Investor Relations and Media/Public Affairs Contact:
8 |


investor.relations@delekus.com
Information about Delek Logistics Partners, LP can be found on its website (www.deleklogistics.com), investor relations webpage (https://www.deleklogistics.com/investor-relations), news webpage (https://www.deleklogistics.com/news-releases) and its X account (@DelekLogistics).
9 |

FAQ

How did Delek Logistics Partners (DKL) perform financially in Q1 2026?

Delek Logistics reported net income of $32.4 million, or $0.60 per diluted unit, on $297.5 million of net revenues in Q1 2026. Adjusted EBITDA increased to $132.3 million from $123.2 million a year earlier, reflecting stronger margins and lease-related earnings.

How did Delek Logistics’ Q1 2026 results compare to Q1 2025?

Net income declined from $39.0 million to $32.4 million, mainly due to Winter Storm Fern, while Adjusted EBITDA rose from $123.2 million to $132.3 million. Operating cash flow increased sharply to $170.4 million from $31.6 million, aided by favorable working capital movements.

What 2026 guidance did Delek Logistics Partners (DKL) reaffirm?

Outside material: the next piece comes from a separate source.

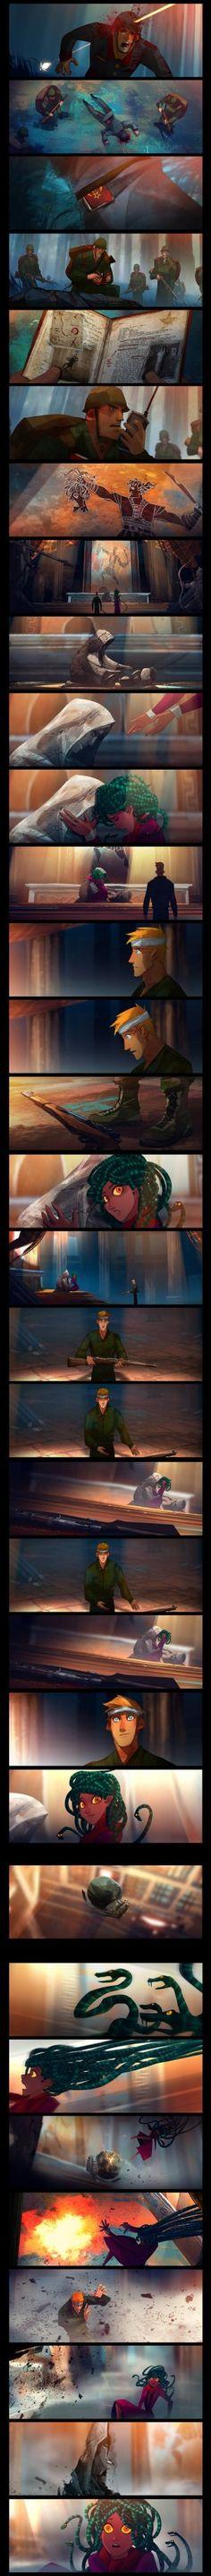 La historia de medusa parte 3

Delek Logistics reaffirmed its 2026 Adjusted EBITDA guidance range of $520 million to $560 million. Management cited strong execution, growing third-party cash flows, and progress at its Delaware Basin and Libby Complex assets as support for maintaining this full-year outlook.

What distribution did Delek Logistics declare for Q1 2026?

For Q1 2026, Delek Logistics declared a quarterly cash distribution of $1.130 per common limited partner unit, payable May 11, 2026, to unitholders of record on May 4, 2026. This represents a 1.8% increase over the prior-year quarter and marks the 53rd consecutive quarterly increase.

What is Delek Logistics Partners’ leverage and liquidity position as of March 31, 2026?

As of March 31, 2026, Delek Logistics had approximately $2.3 billion of total debt, $9.9 million of cash, and a leverage ratio of about 4.05x. Additional borrowing capacity under its $1.3 billion third-party revolving credit facility increased to roughly $1.1 billion.

How did Delek Logistics’ operating segments perform in Q1 2026?

In Q1 2026, Adjusted EBITDA was $82.9 million for Gathering and Processing, $14.3 million for Wholesale Marketing and Terminalling, $25.2 million for Storage and Transportation, and $18.3 million from equity-method pipeline joint ventures, partially offset by an $8.4 million Corporate loss.

What capital spending did Delek Logistics undertake in Q1 2026?

Total capital spending for Q1 2026 was $49.8 million, including $41.5 million of growth capital, $7.4 million of sustaining capital, and $0.9 million of regulatory capital. Most growth spending occurred in the Gathering and Processing segment, focused on midstream infrastructure projects.